Your Voice: Task force has learned much about broadband


My name is Aaron Paluzzi and for nearly the last 3 years I’ve been the chairman of the Joint Municipal Broadband Task Force for our two cities. Working within a team of interested individuals we’ve interviewed multiple other cities that have made this journey and learned quite a bit about broadband internet as well as the companies that provide it.

We’ve been able to drive this process with the support of the two cities through a formal feasibility study with CCG consulting and Findlay Engineering. I thank the cities for their financial support for this study because we have actually received some encouraging information for the future, and we’ve also gotten more clarity as to why our communities, among others nationally, have languished in terms of high speed internet access and service.

As we have only three providers in our communities, many of us have experienced their limitations and also share the experience of switching among them with the result that we continue to be disappointed. Furthermore, it has come to our attention that AT&T will no longer sell it’s DSL product “Uverse” to new customers limiting many of us to a virtual monopoly with Spectrum who as of 2021 has requested the ability to start implementing data caps, putting more financial burden on residents and businesses who now more than ever need to use the internet to work and to learn.

While a few of us have access to other providers like WOW or AT&T Fiber these networks serve only small pockets or “cherry-picked” business corridors and will never reach our neighborhoods. For years I’ve heard from residents that “If Comcast could come in we’d have competition”. What our residents don’t know is that Comcast has been here for years picking off businesses and avoiding residential areas.

The AT&T Fiber network is not growing, leaving our best case scenario a duopoly between Spectrum and WOW if we maintain the status quo. Skylink (SpaceX’s product) is only suitable to rural areas according to Elon Musk himself. You can see his presentation on youtube. Cellular internet requires excellent signal which is something our communities struggle with. Finally you’ve probably heard about mmWave 5G and the incredible speeds it can achieve. We’ve spoken to Verizon who have stated they will not be providing us this technology as our topology and tree coverage negates the technology.
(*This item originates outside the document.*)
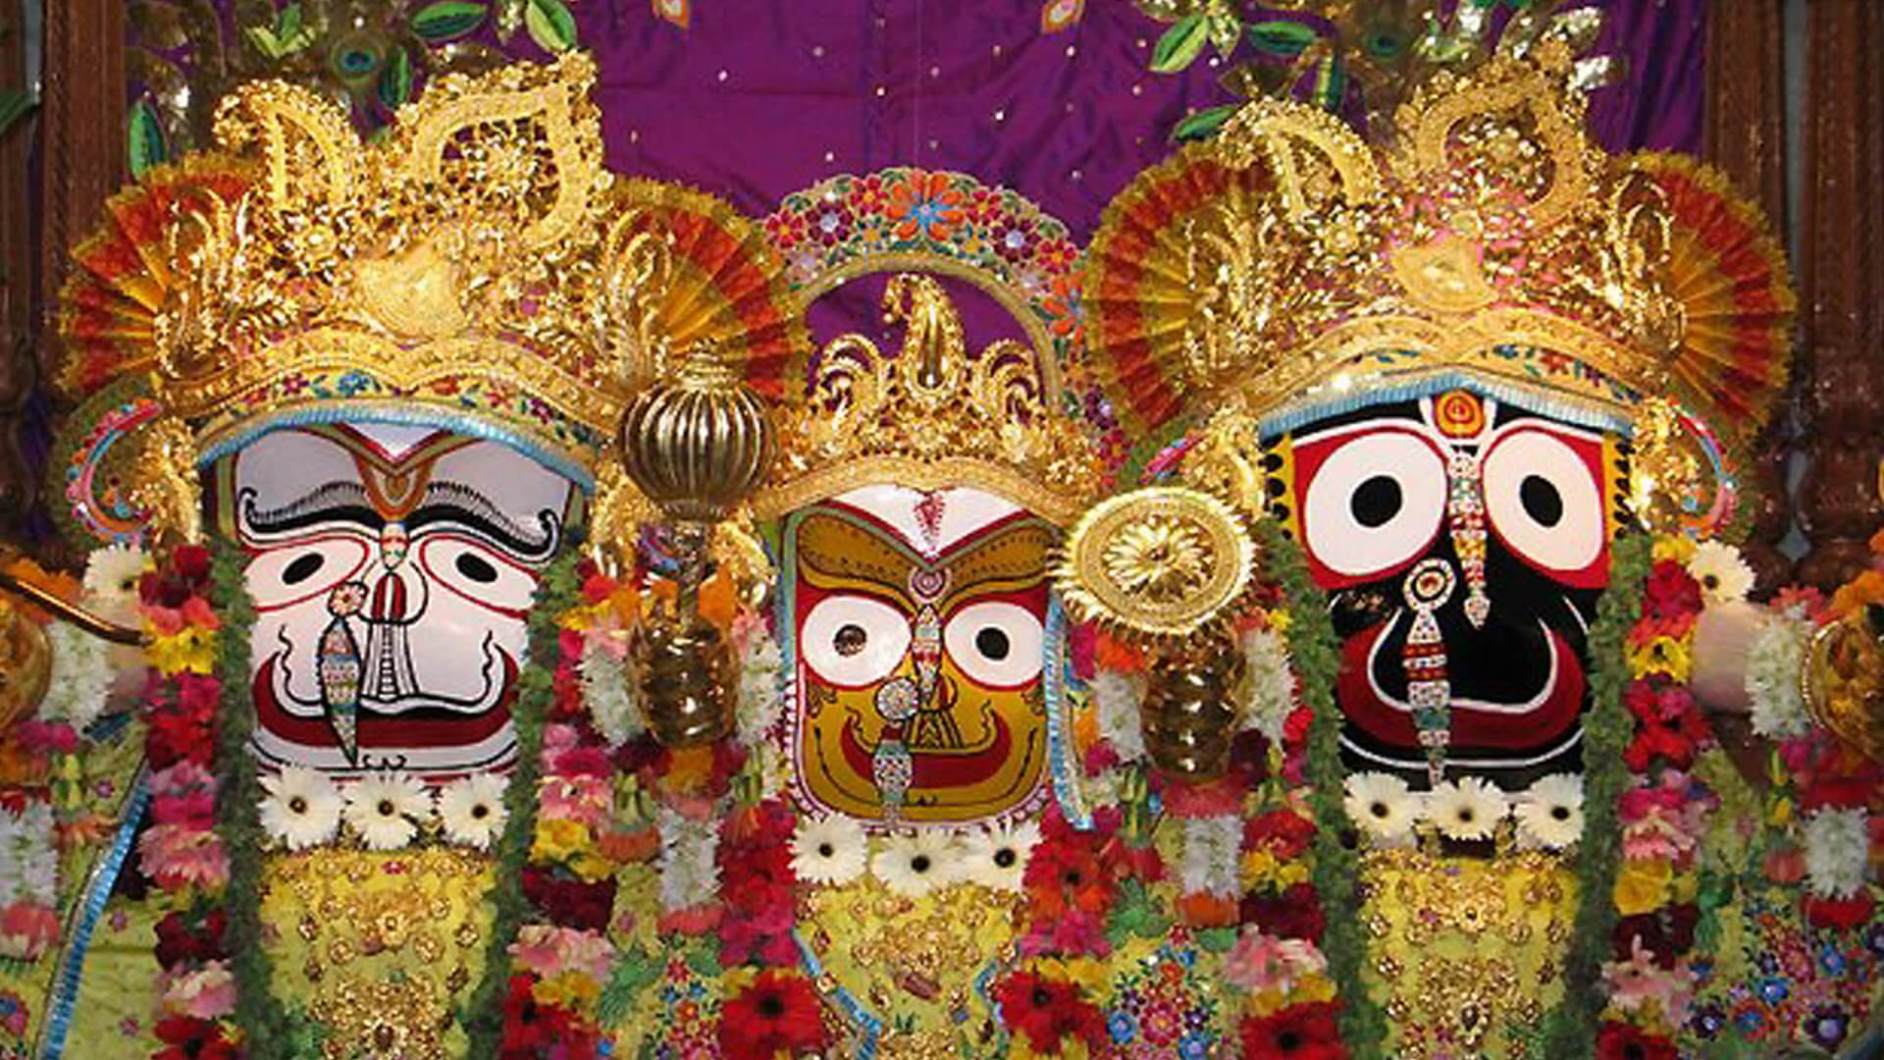 The unfinished Jagannath idol at Puri

Our work has revealed the gaps in broadband access and inconsistent provision of promised speed and service from our current internet providers here in Farmington and Farmington hills. I strongly believe the internet is not a luxury but a basic utility no different from water, sewer, electricity, and gas. I challenge the city councils to consider and execute an implementation plan for a fiber-optic broadband network by the end of 2021. Use the research we have done to serve the residents, our kids, our businesses, and community institutions with the kind of internet infrastructure we need to continue to make our cities competitive places to live, work, and play. Infrastructure construction and maintenance is what municipalities are good at, and in the absence of a business case for the private sector to build this infrastructure themselves we are surely putting our residents and businesses at a disadvantage. This is unacceptable.

I ask you to join me in leveling this challenge, and educate yourselves more deeply on this topic by reading the report from CCG which can be found on the Task Force website here. To clarify one point: we asked CCG to investigate what would happen if we had a hookup charge reminiscent of the municipal water hookup you’re charged with new construction. Joining the network is optional, but I believe the benefits outweigh the costs and even leads to a better monthly cost than what the incumbents provide.

I’m grateful for the opportunity to lead the Task Force, and hopeful that our efforts result in higher speeds, better service, lower costs, and long-term value for our two cities.